Posts Tagged: ‘soundwalk’

Soundwalk (New Brighton) New Music Series

June 19, 2015 Posted by Milena D

NewBrighton2015-3Just a quick note to comment on a soundwalk I recently attended, led by my good friend Helena Krobath. We spent over an hour in the most beautiful sunshine walking through the Wall St./ McGill area and ending up at New Broughton beach. In addition to the rich soundscape the walk was also very fragrant – sun, I find really brings out fresh greenery smells, tree bark, distant salty ocean breeze, and once we got down to the beach, very much heavy seaweed-salt water and shell sand smell. (but don’t ask me to describe shell sand smell, I just feel like I could smell it) The soundscape in this area has a fascinating history, of which I only know that once it was a fisherman’s ghetto of Asian migrants (Korean?) and in general the area has stayed vastly industrial, with big cargo ferries and oil tankers rolling in and out, refueling, loading, unloading. While the oceanview nature of the region has overwhelmingly moved it in the direction of gentrification pushing real estate prices up (check out Avant: the newest in East Van oceanfront living), the soundscape remains saturated with the rumble of harbour machinery, freight elevators, constant roar of cargo trucks, the passage of cargo trains and the clanking of switching tracks, squealing brakes, and nearby Memorial Ironworkers’ Bridge (Second Narrows) commuter traffic.

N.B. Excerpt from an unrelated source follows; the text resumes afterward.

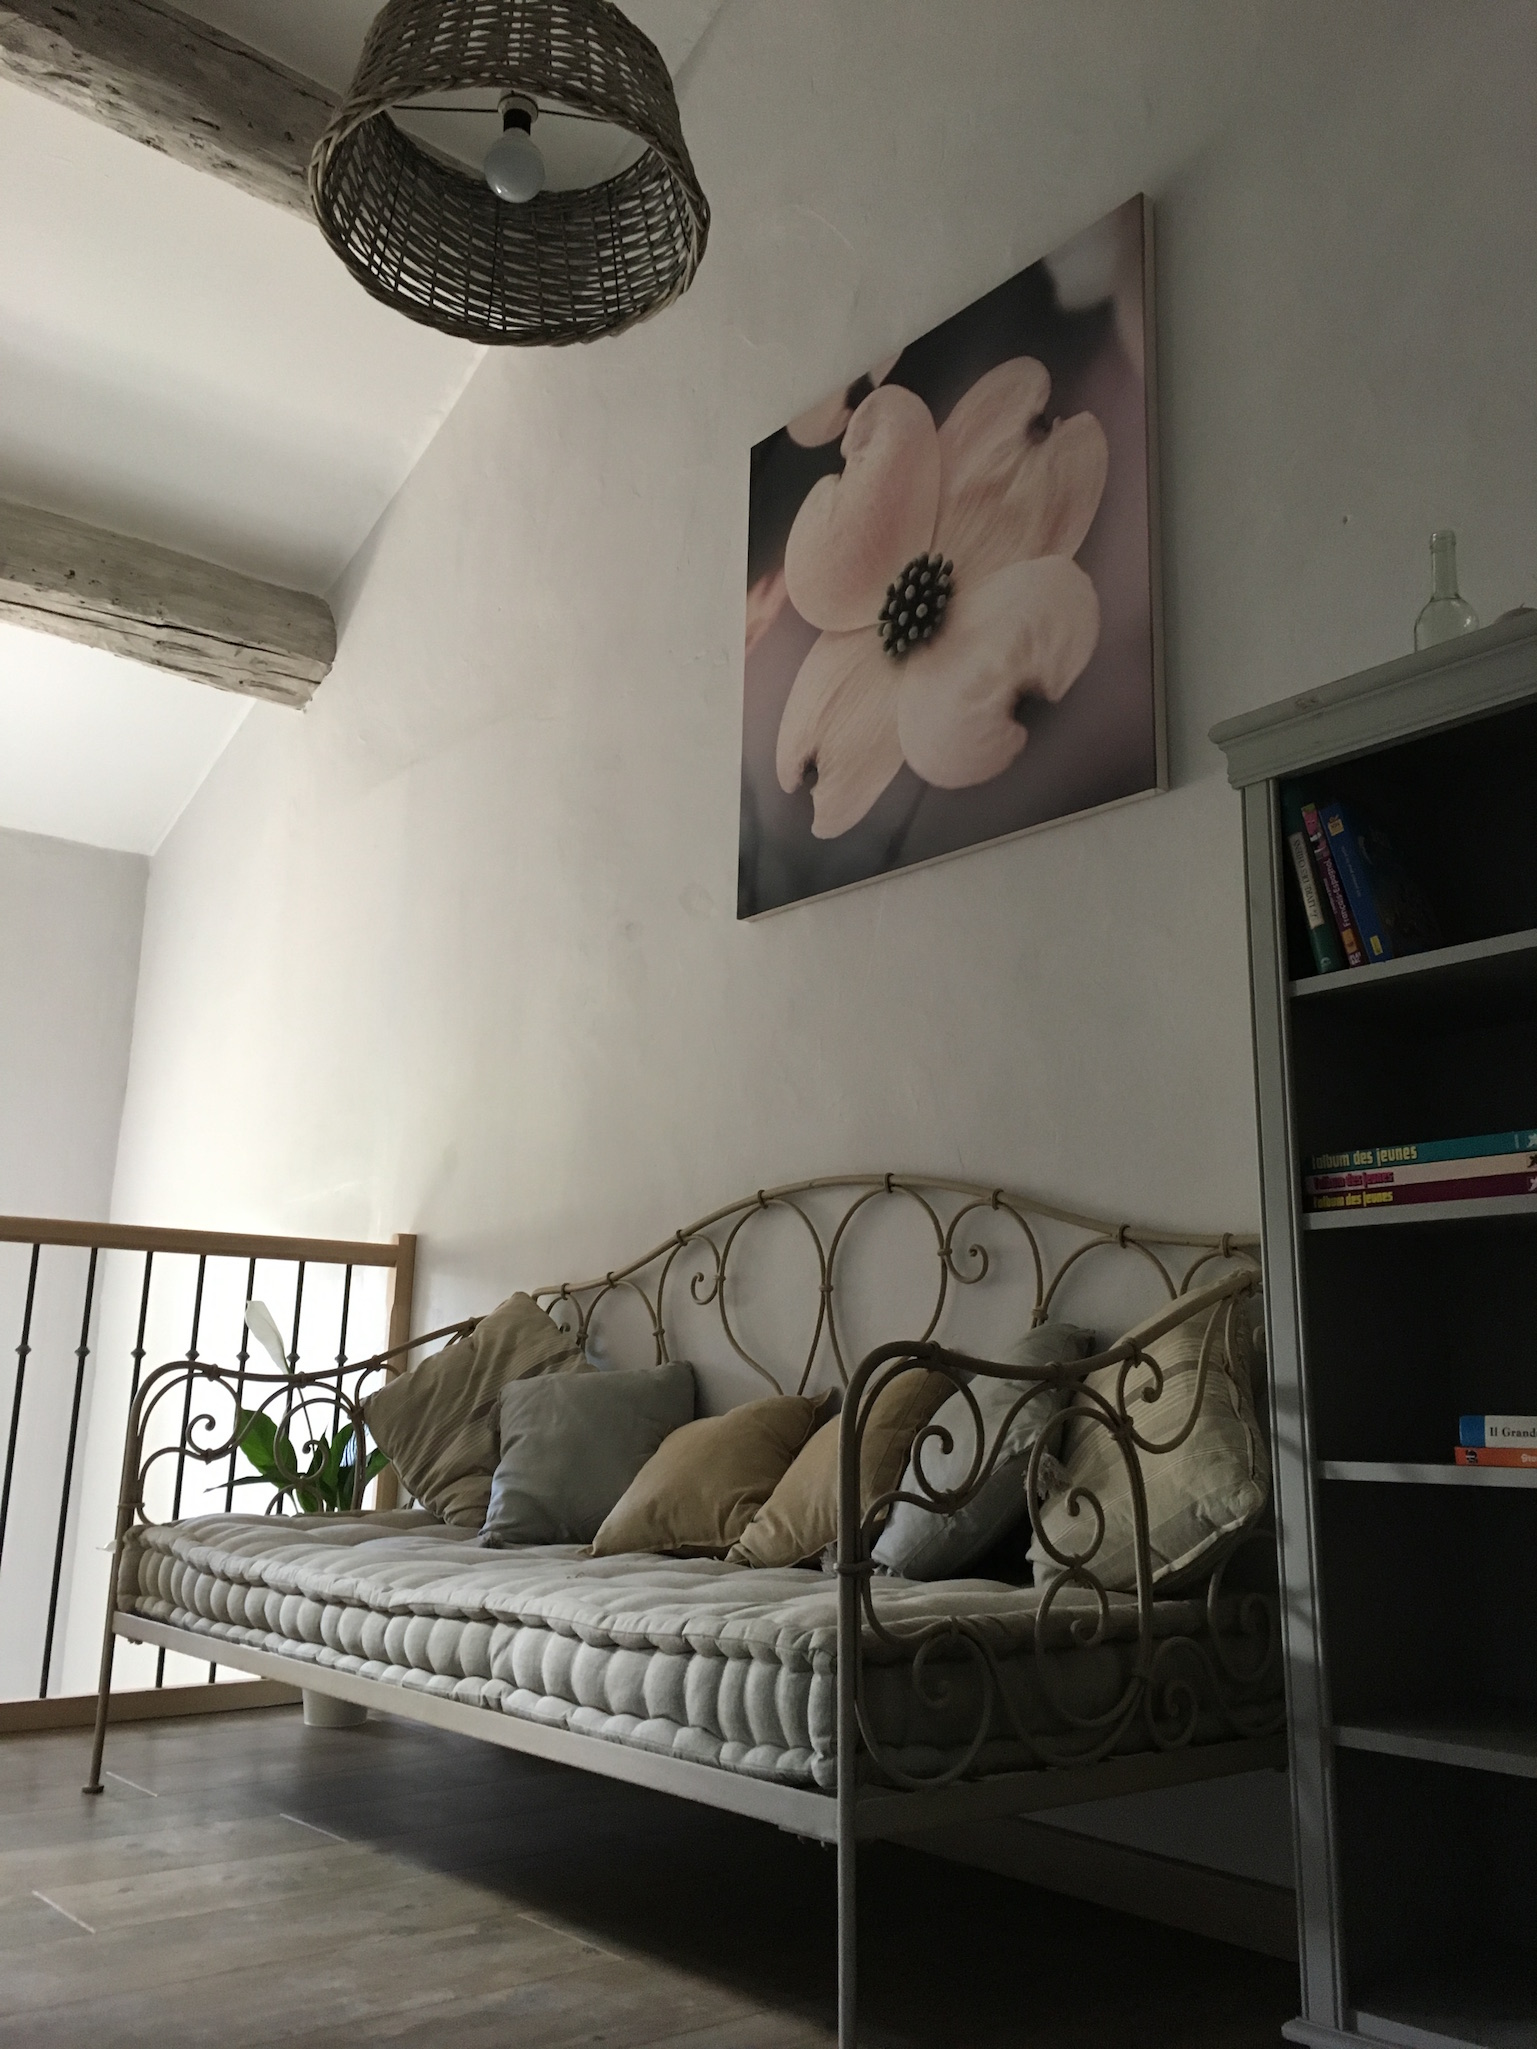 Suite fil de soie - salon 2 - La Bastide des Songes - Chambres d hotes Luberon - Vaucluse - Robion - Gordes - Cavaillon

I definitely still love soundwalking, but especially in groups, I catch myself paying attention to many other sensory elements besides sound, even more so than sound. It’s an opportunity for introspection more than anything. Similarly to a soundwalk I went to in Queen Elizabeth Park last summer I was remembering a lot of childhood memories – climbing trees, playing in bushes and ditches, exploring the abandoned weed-ridden areas hidden behind and away from residential areas. So much joy and adventure and sense of discovery playing in abandoned construction sites, wooded areas and ditches, boarded up houses, etc. This neighbourhood with its combination of (now) fancy houses and the very industrial harbour reminds me of my childhood. The smell of the wild bushes that ran alongside most of the walk were very strong memory triggers. Walking in a large group of people is not really a novelty for me (hasn’t been for a while) but at this point *not recording* is a novelty so I do find myself being less of a dedicated, intentional listener, and more simply letting sensory experience flood into memories and into stream of consciousness and introspection. To re-answer the crux of all questions, it’s not that sound presents a massively different and unique view of the world, it’s that intentionally tuning into one sense provides an opportunity to open all senses in a different way – it creates a different framework for perception, than the one we habitually use, which is primarily informed by semiotic shortcuts, that is, a cerebral, conceptual and culturally-informed way of encountering the world. And to me this is the key part – listening, yes – but why! Just to unlearn passive behaviours – no, that has never been good enough for me.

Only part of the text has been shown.